You apply a relatively narrow definition of frequentism and MLE - if we are a bit more generous and define
Frequentism: goal of optimality, unbiasedness, and controlled error rates under repeated sampling, independent of the true parameters
MLE = point estimate + confidence intervals (CIs)
then it seems pretty clear that MLE, in particular the construction of CIs around the MLE, satisfy frequentist ideals (btw., it is often not appreciated that CIs in MLE, as p-values, are defined to control the error rate under repeated sampling, and do not give the 95% probability region of the true parameter value - hence they are through and through frequentist).

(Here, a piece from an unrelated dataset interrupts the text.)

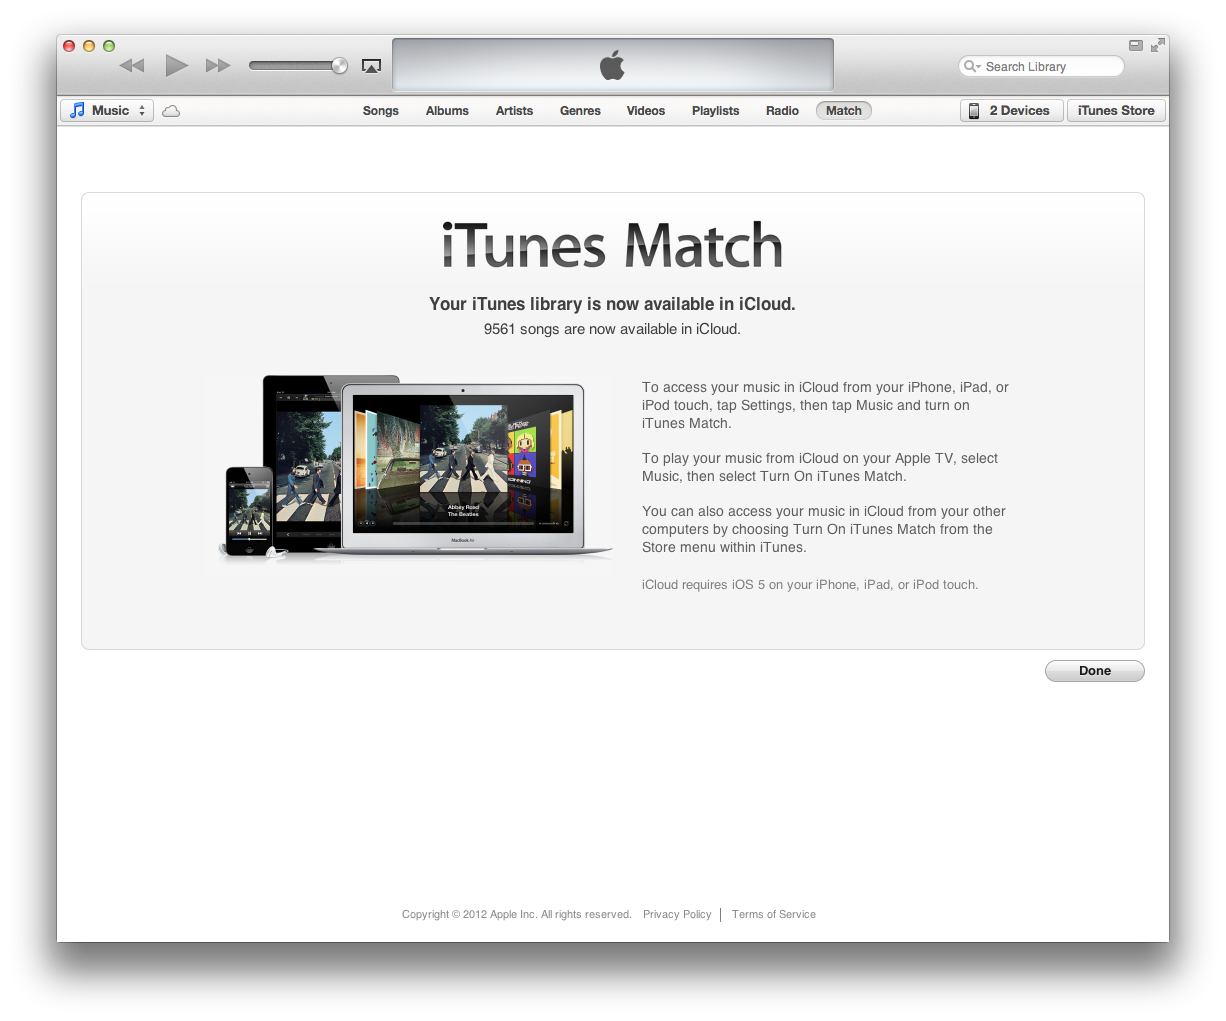 iTunes Store: Subscribing to iTunes Match

Not all of these ideas were already present in Fisher's foundational 1922 paper "On the mathematical foundations of theoretical statistics", but the idea of optimality and unbiasedness is, and Neyman latter added the idea of constructing CIs with fixed error rates. Efron, 2013, "A 250-year argument: Belief, behavior, and the bootstrap", summarizes in his very readable history of the Bayesian/Frequentist debate:
The frequentist bandwagon really got rolling in the early 1900s. Ronald Fisher developed the maximum likelihood theory of optimal estimation, showing the best possible behavior for an estimate, and Jerzy Neyman did the same for confidence intervals and tests. Fisher’s and Neyman’s procedures were an almost perfect fit to the scientific needs and the computational limits of twentieth century science, casting Bayesianism into a shadow existence.